The British web site Laughlab received a lot of jokes about God. After analysing the joke score for each one, they were able to determine the top God jokes. The most popular God joke was this one: A man gets home from work one night and hears a voice. The voice tells him: "quit your job, sell your house, take your money, go to the Casino." The man is disturbed at what he hears and ignores the voice. The next day when he gets home from work, the same thing happens. The voice tells him, "quit your job, sell your house, take your money, go to the Casino." Again the man ignores the voice, though he is very troubled by the event. Every day, day after day, the man hears the same voice when he gets home from work: "quit your job, sell your house, take your money, go to the Casino." Each time the man hears the voice he becomes increasingly upset.

 

Finally, after two weeks, he succumbs to the pressure. He does quit his job, sell his house, take his money and head to the Casino. The moment the man enters the casino, the voice tells him: "go to the roulette table." The man does as he is told. When he gets to the roulette table, the voice tells him: "put all your money on 17." Nervously the man cashes in his money for chips and then puts them all on 17. The dealer wishes the man good luck and spends the roulette wheel. Around and around the ball goes. The man anxiously watches the ball as it slowly loses speed until it finally settles into number . . .21. The voice says: "darn."

 

Nicodemus is apparently wealthy. He is a leader among the conservative Jews of Jerusalem. He comes to Jesus by night, probably for fear that others might see him. He is invited to consider opening himself to the Spirit that it might rework him into a new person. He is invited to be "born anew" or "born again" or "born from above." No matter how it is translated, he is invited to let God reshape him and remake him into a new and different person.

 

The Gospel of God, the Good News of Jesus Christ is that we all can become new. We need not continue in our old ways.

 

Life is risky, even for God. God leads Nicodemus out that night to find Jesus. God reaches out to him through Jesus and offers him a new beginning. Will Nicodemus awaken? Will he choose life? It's a risky thing - personal transformation. It's risky for God and it's risky for us. You have a lot to lose, don't you? But, then that's the point, isn't it. And you have a lot to gain. You have your whole life to gain.

 

What do you choose? Do you feel stuck in your life? Do you feel hopeless, afraid, anxious? Medications can help a little.
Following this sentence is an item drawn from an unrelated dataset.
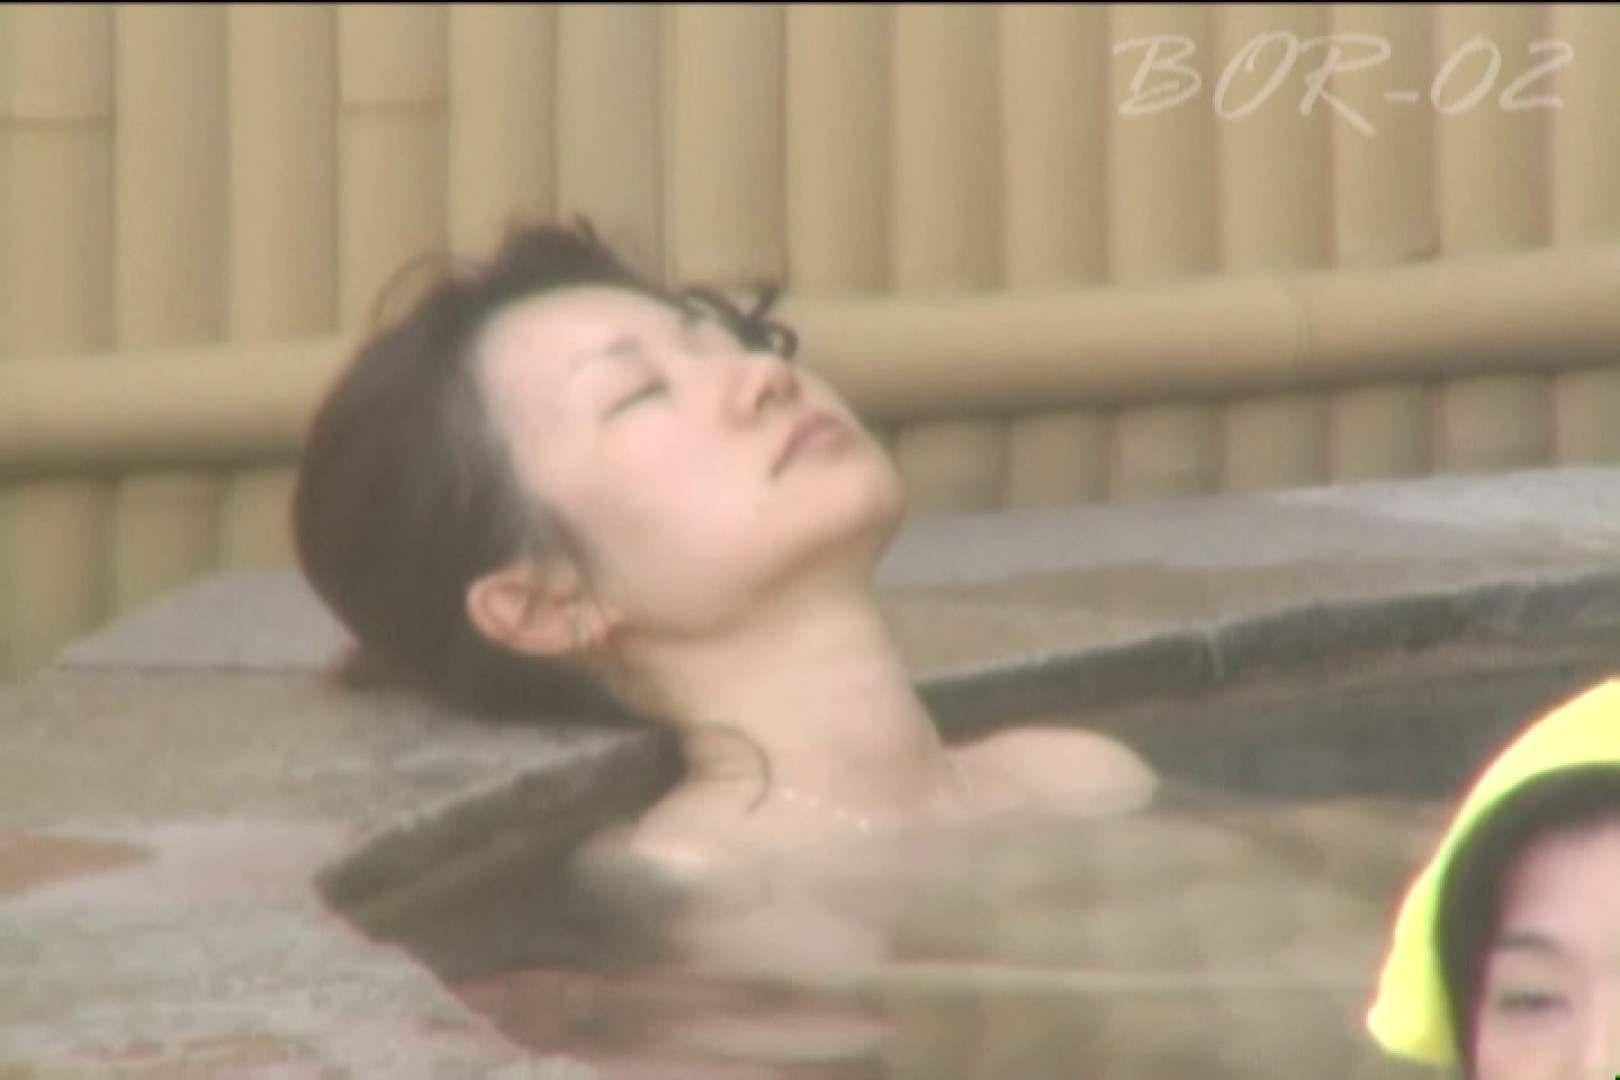 Aquaな露天風呂Vol.477 OLセックス 盗撮われめAV動画紹介 86画像 35

Talking about it can help more. But, what I find most promising is what I've always found - to not take myself too seriously and to remember that God offers us all the opportunity to be remade, to be reborn, to awaken to a new way of living.

 

On the deepest level, laughter is a spiritual affirmation, a source of faith in people and in the future. It is an amusement with life itself, a posture of courage in the face of tragedy, a thumbing of the nose at a disaster. In the words of Victor Hugo: "Laughter is the sun that drives winter from the human face."